* Problem requirements *
Write out the listing exactly, dropping any picture it contains.

* Supplied information *

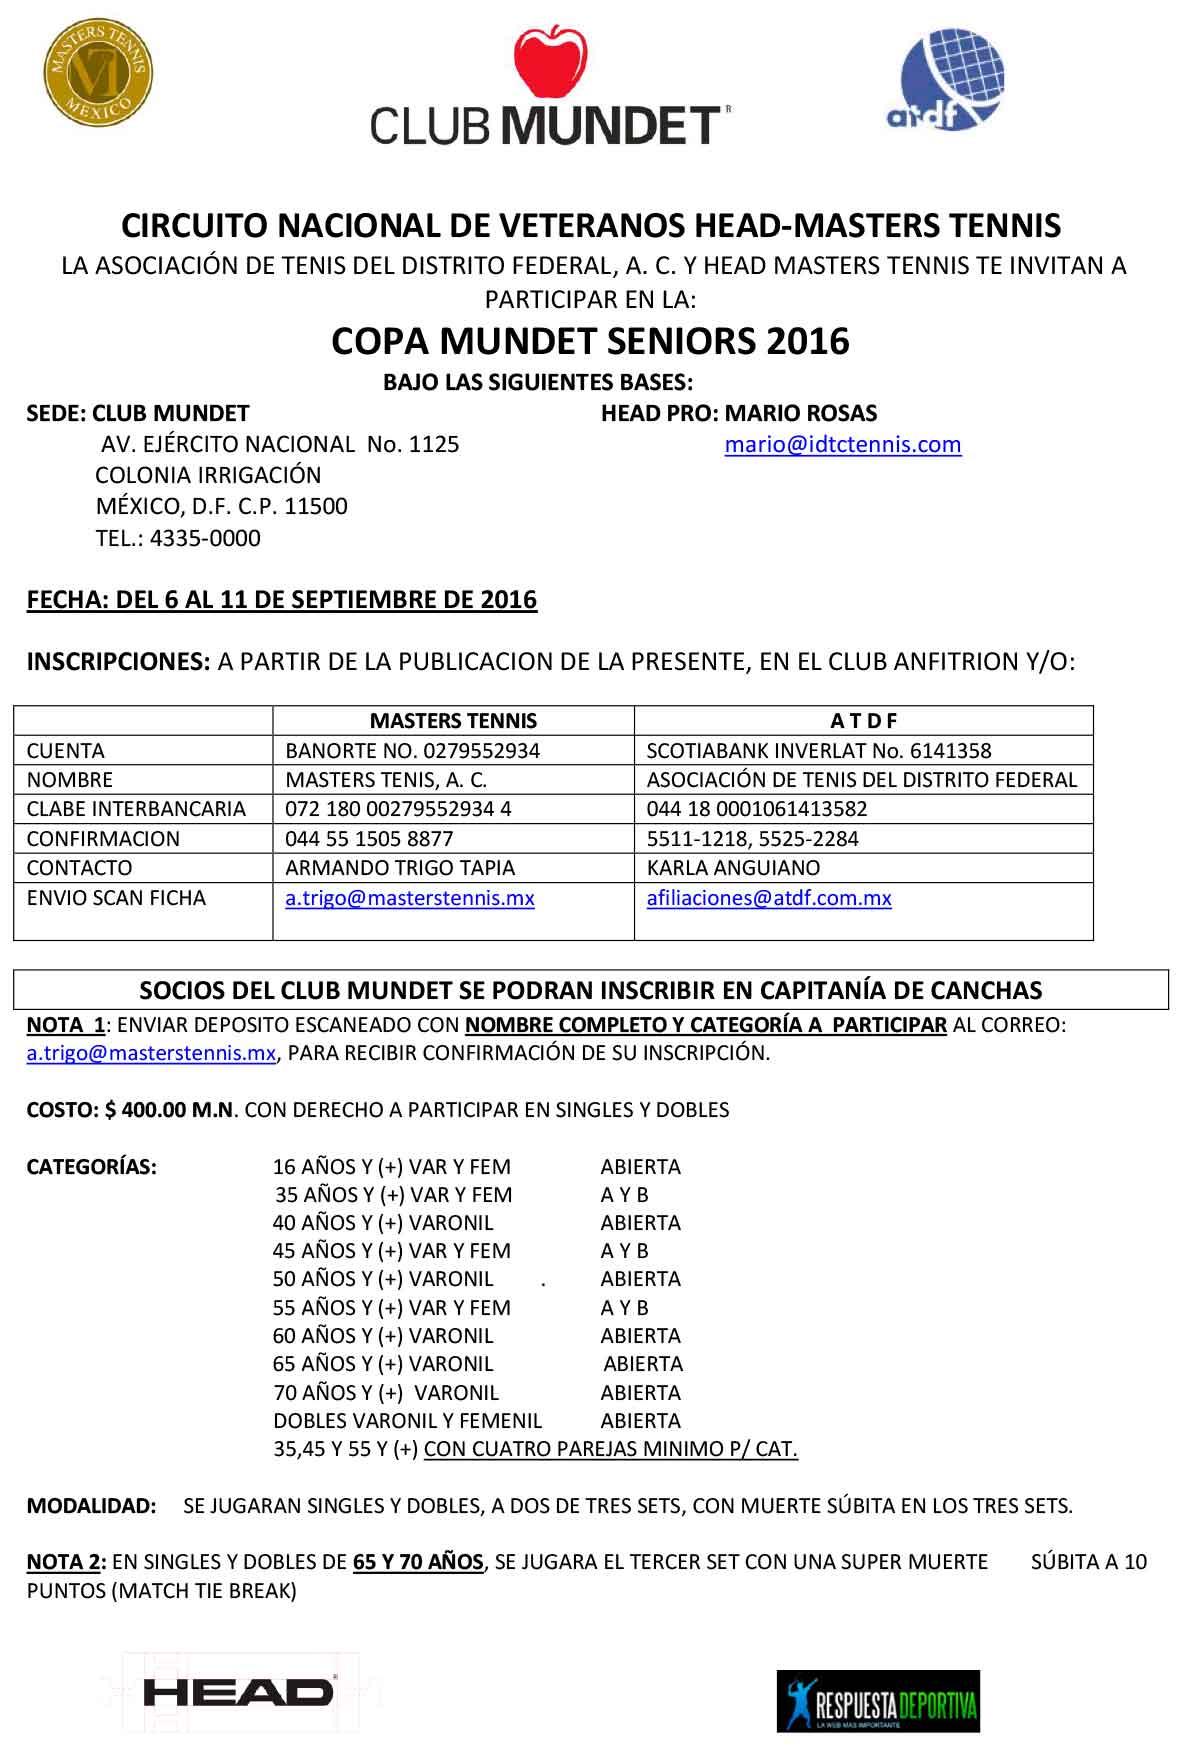 CONV-COPA-MUNDET-SENIORS-2016-1
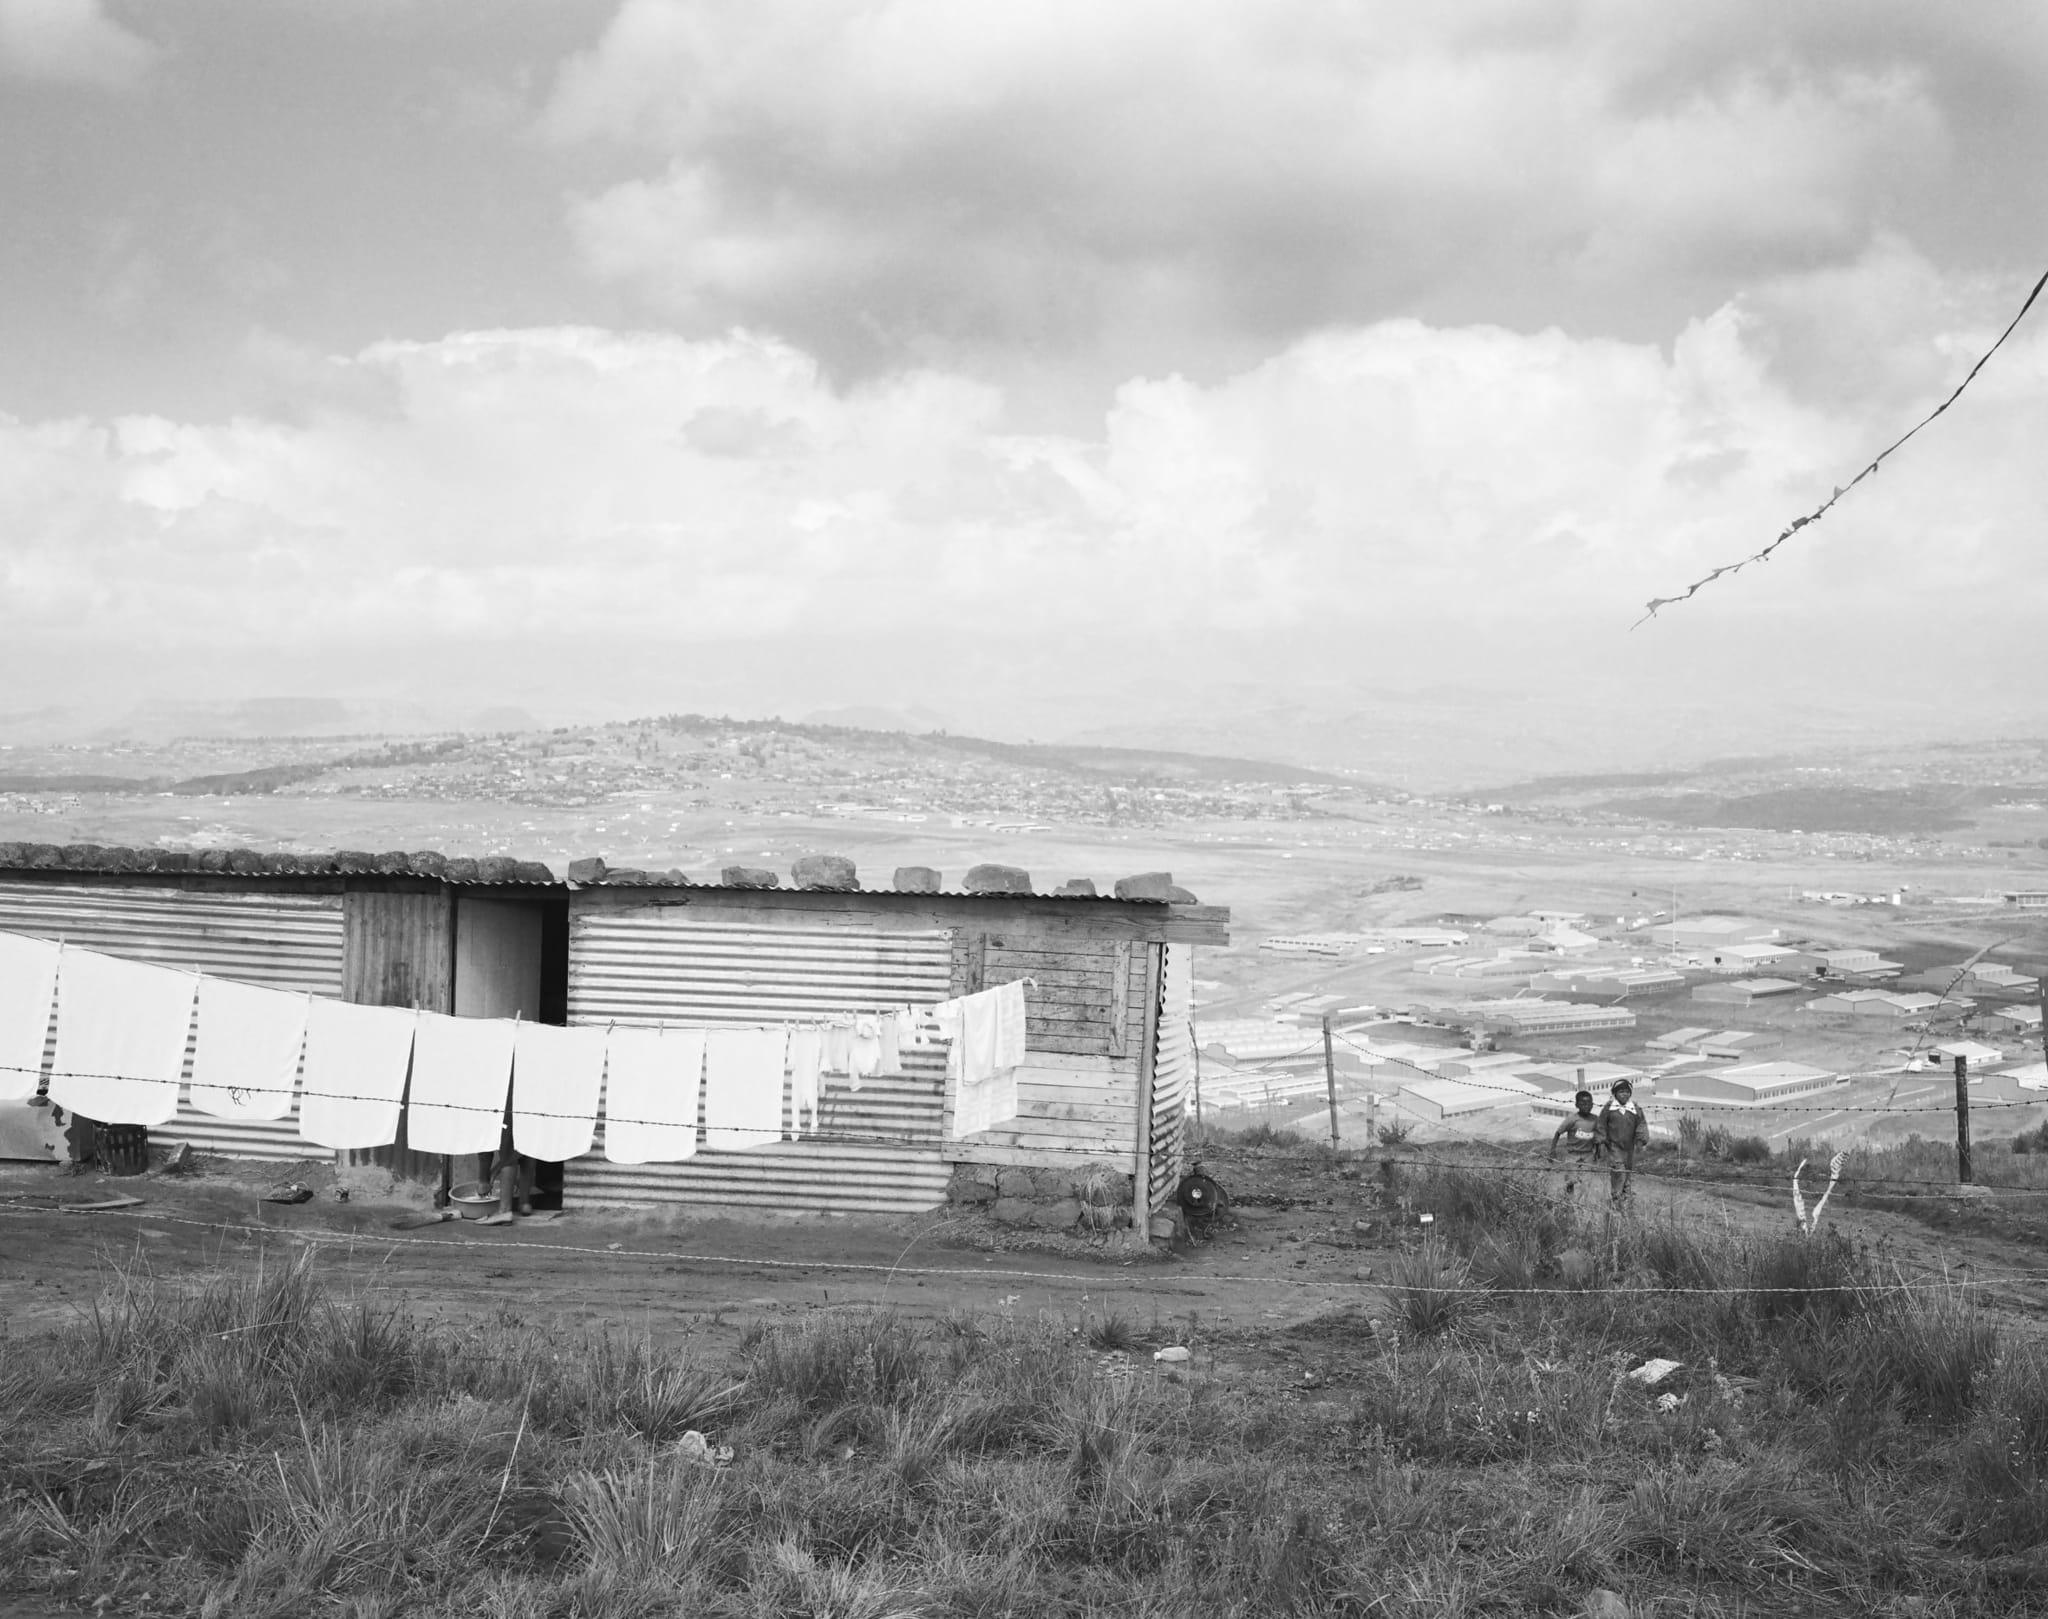 Structures: Kite flying near Phuthaditjhaba, Qwa Qwa. 1 May 1989 by David Goldblatt
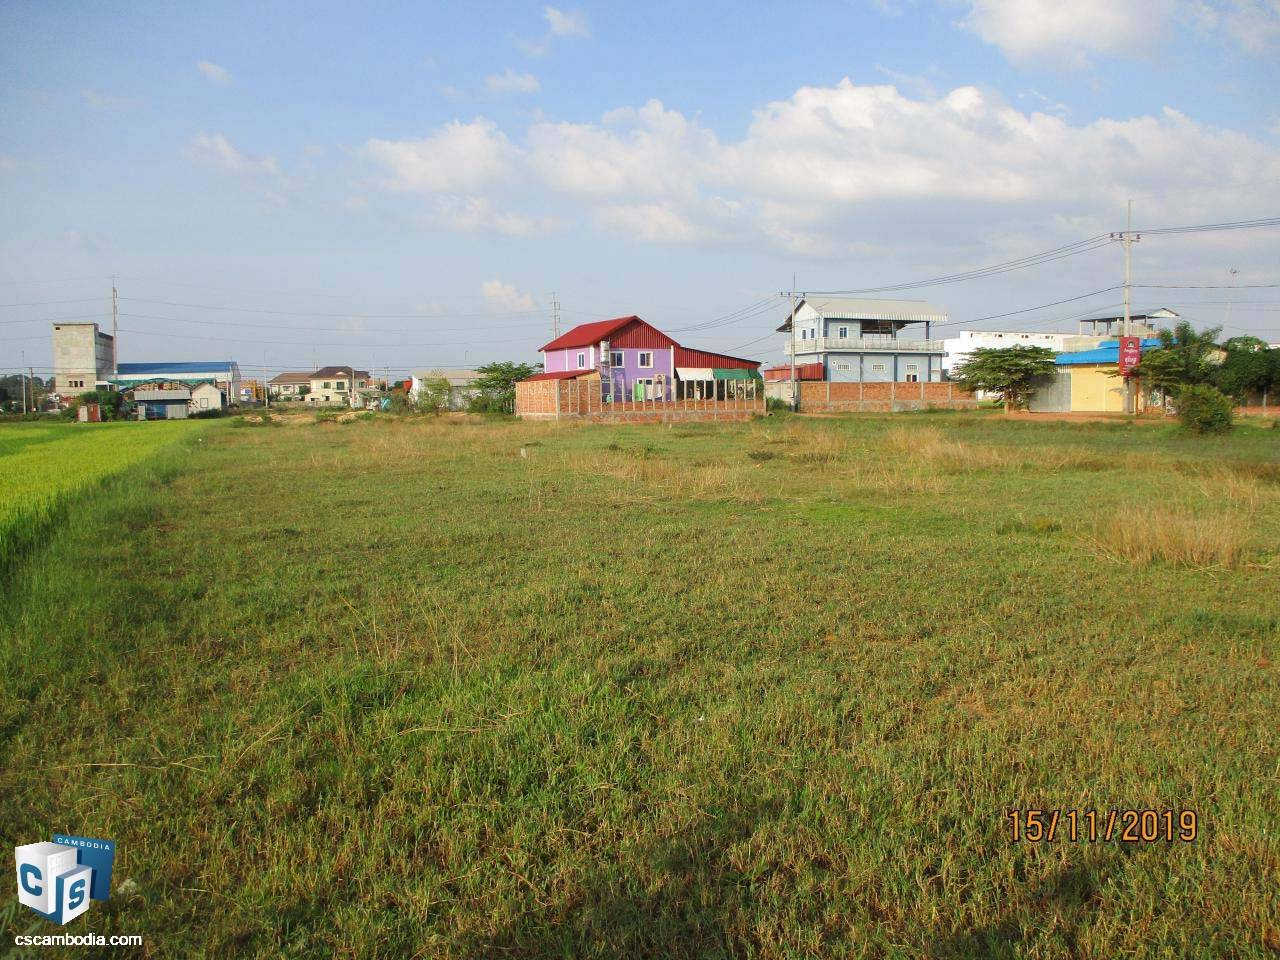 1,632 Sq Meters Of Land – For Sale – Chreav Commune– Siem Reap

* Exercise result *
 CONV-COPA-MUNDET-SENIORS-2016-1
 Structures: Kite flying near Phuthaditjhaba, Qwa Qwa. 1 May 1989 by David Goldblatt
 1,632 Sq Meters Of Land – For Sale – Chreav Commune– Siem Reap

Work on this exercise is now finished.